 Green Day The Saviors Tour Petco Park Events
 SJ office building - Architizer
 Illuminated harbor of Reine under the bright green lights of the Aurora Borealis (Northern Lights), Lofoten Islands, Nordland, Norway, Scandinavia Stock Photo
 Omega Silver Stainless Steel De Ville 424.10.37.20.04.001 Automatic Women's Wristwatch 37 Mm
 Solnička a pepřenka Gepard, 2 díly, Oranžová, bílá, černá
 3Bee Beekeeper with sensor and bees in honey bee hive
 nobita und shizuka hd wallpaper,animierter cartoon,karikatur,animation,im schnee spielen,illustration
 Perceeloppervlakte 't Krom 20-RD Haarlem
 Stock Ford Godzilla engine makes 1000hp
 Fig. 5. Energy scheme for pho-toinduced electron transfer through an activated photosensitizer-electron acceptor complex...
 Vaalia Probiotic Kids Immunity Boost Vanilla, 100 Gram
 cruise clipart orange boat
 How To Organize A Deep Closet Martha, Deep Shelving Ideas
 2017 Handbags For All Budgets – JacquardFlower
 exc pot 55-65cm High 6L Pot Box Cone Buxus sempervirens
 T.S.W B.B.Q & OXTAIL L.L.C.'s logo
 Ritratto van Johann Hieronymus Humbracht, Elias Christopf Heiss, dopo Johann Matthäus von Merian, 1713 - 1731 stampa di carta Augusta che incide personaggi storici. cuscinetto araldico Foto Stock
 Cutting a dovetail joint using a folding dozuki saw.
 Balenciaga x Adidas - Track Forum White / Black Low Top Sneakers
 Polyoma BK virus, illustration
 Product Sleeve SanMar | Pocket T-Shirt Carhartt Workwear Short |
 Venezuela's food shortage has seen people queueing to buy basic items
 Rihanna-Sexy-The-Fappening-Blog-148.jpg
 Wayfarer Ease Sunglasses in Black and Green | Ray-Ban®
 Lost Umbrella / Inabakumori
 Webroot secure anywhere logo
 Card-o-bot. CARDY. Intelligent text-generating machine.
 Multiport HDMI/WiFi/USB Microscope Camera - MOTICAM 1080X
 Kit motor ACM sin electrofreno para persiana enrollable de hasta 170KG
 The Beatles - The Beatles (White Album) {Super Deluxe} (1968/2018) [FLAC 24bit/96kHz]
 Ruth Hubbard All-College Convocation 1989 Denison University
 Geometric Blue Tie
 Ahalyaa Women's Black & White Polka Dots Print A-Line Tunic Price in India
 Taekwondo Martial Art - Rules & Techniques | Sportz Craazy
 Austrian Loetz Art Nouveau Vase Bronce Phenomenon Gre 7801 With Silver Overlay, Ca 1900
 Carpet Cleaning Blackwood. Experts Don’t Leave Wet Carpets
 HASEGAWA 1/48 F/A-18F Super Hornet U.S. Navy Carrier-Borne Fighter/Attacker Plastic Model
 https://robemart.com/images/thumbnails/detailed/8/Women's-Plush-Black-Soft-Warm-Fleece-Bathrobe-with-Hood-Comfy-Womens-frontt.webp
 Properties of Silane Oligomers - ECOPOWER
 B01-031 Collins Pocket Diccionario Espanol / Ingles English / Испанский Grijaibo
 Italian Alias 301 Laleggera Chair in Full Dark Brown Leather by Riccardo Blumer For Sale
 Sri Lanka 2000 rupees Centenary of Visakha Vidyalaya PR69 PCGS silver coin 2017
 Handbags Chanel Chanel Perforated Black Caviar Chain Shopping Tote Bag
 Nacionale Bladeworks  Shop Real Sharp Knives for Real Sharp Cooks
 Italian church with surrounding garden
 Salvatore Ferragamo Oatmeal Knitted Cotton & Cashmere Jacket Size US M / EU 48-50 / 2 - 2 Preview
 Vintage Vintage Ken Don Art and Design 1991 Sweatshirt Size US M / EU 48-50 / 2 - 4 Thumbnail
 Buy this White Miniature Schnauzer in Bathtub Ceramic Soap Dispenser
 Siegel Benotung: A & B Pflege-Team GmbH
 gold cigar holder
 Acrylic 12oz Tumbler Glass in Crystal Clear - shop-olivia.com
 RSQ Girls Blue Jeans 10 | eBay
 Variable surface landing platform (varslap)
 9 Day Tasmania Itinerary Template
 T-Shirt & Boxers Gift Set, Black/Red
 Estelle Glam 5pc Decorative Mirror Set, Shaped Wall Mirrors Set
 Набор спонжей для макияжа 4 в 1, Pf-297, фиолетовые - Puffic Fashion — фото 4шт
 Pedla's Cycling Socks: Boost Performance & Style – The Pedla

● **Assigned task**
Going line by line, copy the data above exactly.

● **Answer to this exercise**
 Green Day The Saviors Tour Petco Park Events
 SJ office building - Architizer
 Illuminated harbor of Reine under the bright green lights of the Aurora Borealis (Northern Lights), Lofoten Islands, Nordland, Norway, Scandinavia Stock Photo
 Omega Silver Stainless Steel De Ville 424.10.37.20.04.001 Automatic Women's Wristwatch 37 Mm
 Solnička a pepřenka Gepard, 2 díly, Oranžová, bílá, černá
 3Bee Beekeeper with sensor and bees in honey bee hive
 nobita und shizuka hd wallpaper,animierter cartoon,karikatur,animation,im schnee spielen,illustration
 Perceeloppervlakte 't Krom 20-RD Haarlem
 Stock Ford Godzilla engine makes 1000hp
 Fig. 5. Energy scheme for pho-toinduced electron transfer through an activated photosensitizer-electron acceptor complex...
 Vaalia Probiotic Kids Immunity Boost Vanilla, 100 Gram
 cruise clipart orange boat
 How To Organize A Deep Closet Martha, Deep Shelving Ideas
 2017 Handbags For All Budgets – JacquardFlower
 exc pot 55-65cm High 6L Pot Box Cone Buxus sempervirens
 T.S.W B.B.Q & OXTAIL L.L.C.'s logo
 Ritratto van Johann Hieronymus Humbracht, Elias Christopf Heiss, dopo Johann Matthäus von Merian, 1713 - 1731 stampa di carta Augusta che incide personaggi storici. cuscinetto araldico Foto Stock
 Cutting a dovetail joint using a folding dozuki saw.
 Balenciaga x Adidas - Track Forum White / Black Low Top Sneakers
 Polyoma BK virus, illustration
 Product Sleeve SanMar | Pocket T-Shirt Carhartt Workwear Short |
 Venezuela's food shortage has seen people queueing to buy basic items
 Rihanna-Sexy-The-Fappening-Blog-148.jpg
 Wayfarer Ease Sunglasses in Black and Green | Ray-Ban®
 Lost Umbrella / Inabakumori
 Webroot secure anywhere logo
 Card-o-bot. CARDY. Intelligent text-generating machine.
 Multiport HDMI/WiFi/USB Microscope Camera - MOTICAM 1080X
 Kit motor ACM sin electrofreno para persiana enrollable de hasta 170KG
 The Beatles - The Beatles (White Album) {Super Deluxe} (1968/2018) [FLAC 24bit/96kHz]
 Ruth Hubbard All-College Convocation 1989 Denison University
 Geometric Blue Tie
 Ahalyaa Women's Black & White Polka Dots Print A-Line Tunic Price in India
 Taekwondo Martial Art - Rules & Techniques | Sportz Craazy
 Austrian Loetz Art Nouveau Vase Bronce Phenomenon Gre 7801 With Silver Overlay, Ca 1900
 Carpet Cleaning Blackwood. Experts Don’t Leave Wet Carpets
 HASEGAWA 1/48 F/A-18F Super Hornet U.S. Navy Carrier-Borne Fighter/Attacker Plastic Model
 https://robemart.com/images/thumbnails/detailed/8/Women's-Plush-Black-Soft-Warm-Fleece-Bathrobe-with-Hood-Comfy-Womens-frontt.webp
 Properties of Silane Oligomers - ECOPOWER
 B01-031 Collins Pocket Diccionario Espanol / Ingles English / Испанский Grijaibo
 Italian Alias 301 Laleggera Chair in Full Dark Brown Leather by Riccardo Blumer For Sale
 Sri Lanka 2000 rupees Centenary of Visakha Vidyalaya PR69 PCGS silver coin 2017
 Handbags Chanel Chanel Perforated Black Caviar Chain Shopping Tote Bag
 Nacionale Bladeworks  Shop Real Sharp Knives for Real Sharp Cooks
 Italian church with surrounding garden
 Salvatore Ferragamo Oatmeal Knitted Cotton & Cashmere Jacket Size US M / EU 48-50 / 2 - 2 Preview
 Vintage Vintage Ken Don Art and Design 1991 Sweatshirt Size US M / EU 48-50 / 2 - 4 Thumbnail
 Buy this White Miniature Schnauzer in Bathtub Ceramic Soap Dispenser
 Siegel Benotung: A & B Pflege-Team GmbH
 gold cigar holder
 Acrylic 12oz Tumbler Glass in Crystal Clear - shop-olivia.com
 RSQ Girls Blue Jeans 10 | eBay
 Variable surface landing platform (varslap)
 9 Day Tasmania Itinerary Template
 T-Shirt & Boxers Gift Set, Black/Red
 Estelle Glam 5pc Decorative Mirror Set, Shaped Wall Mirrors Set
 Набор спонжей для макияжа 4 в 1, Pf-297, фиолетовые - Puffic Fashion — фото 4шт
 Pedla's Cycling Socks: Boost Performance & Style – The Pedla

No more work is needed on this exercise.